Details (average, fastest, slowest):
  DNS+dialup:   0.0000 secs, 0.0001 secs, 0.0279 secs
  DNS-lookup:   0.0000 secs, 0.0000 secs, 0.0026 secs
  req write:    0.0000 secs, 0.0000 secs, 0.0011 secs
  resp wait:    0.0008 secs, 0.0001 secs, 0.0206 secs
  resp read:    0.0001 secs, 0.0000 secs, 0.0013 secs

Status code distribution:
  [200] 10000 responses

10,000 requests across 10 clients at rougly 10,000 requests per second. That includes doing all the HTTP parsing, WSGI stuff, forming of a SQL or Redis query, the deserialization, the Django JSON HTTP response serialization etc. The cache TTL is controlled by simply setting a Cache-Control HTTP header with something like max-age=86400.
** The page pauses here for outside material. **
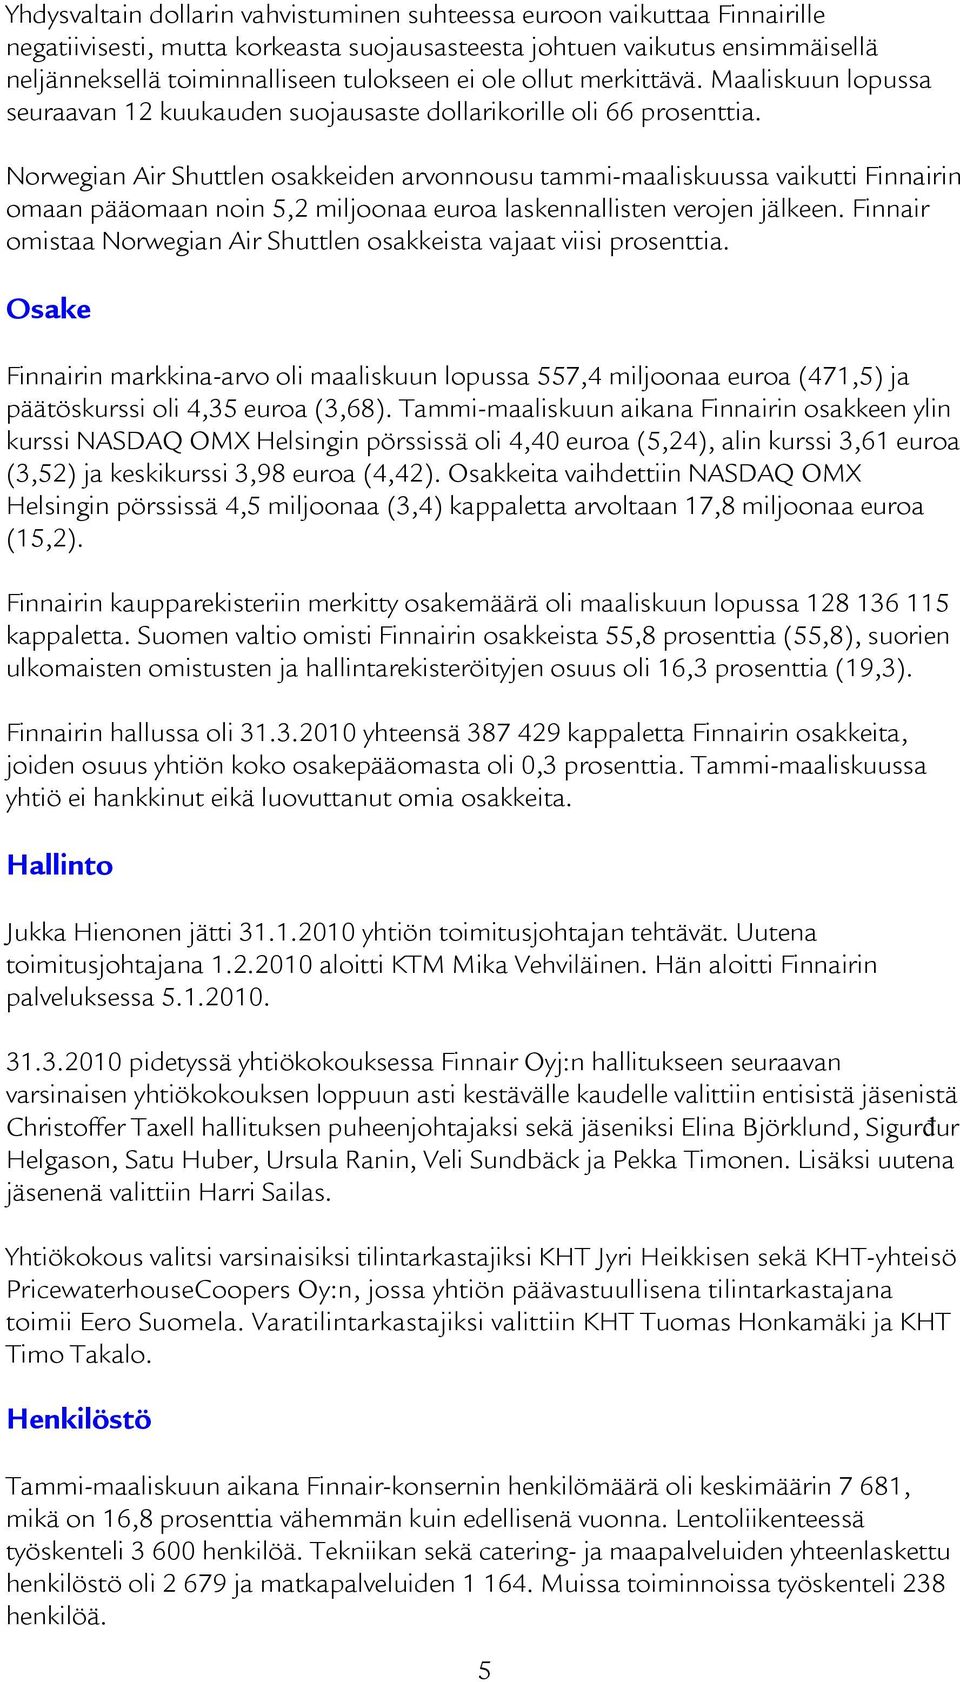 Norwegian Air Shuttlen osakkeiden arvonnousu tammi-maaliskuussa vaikutti Finnairin omaan pääomaan noin 5,2 miljoonaa euroa laskennallisten verojen jälkeen.

Now, repeated fetches for this are cached at the Nginx level and it means it doesn't even matter how slow/fast the database is. As long as it's not taking seconds, with a long Cache-Control, Nginx can hold on to this in RAM for days or until the whole server is restarted (which is rare).

Conclusion

If you the total amount of data that can and will be cached is controlled, putting it in a HTTP reverse proxy cache is probably order of magnitude faster than messing with chosing which database to use.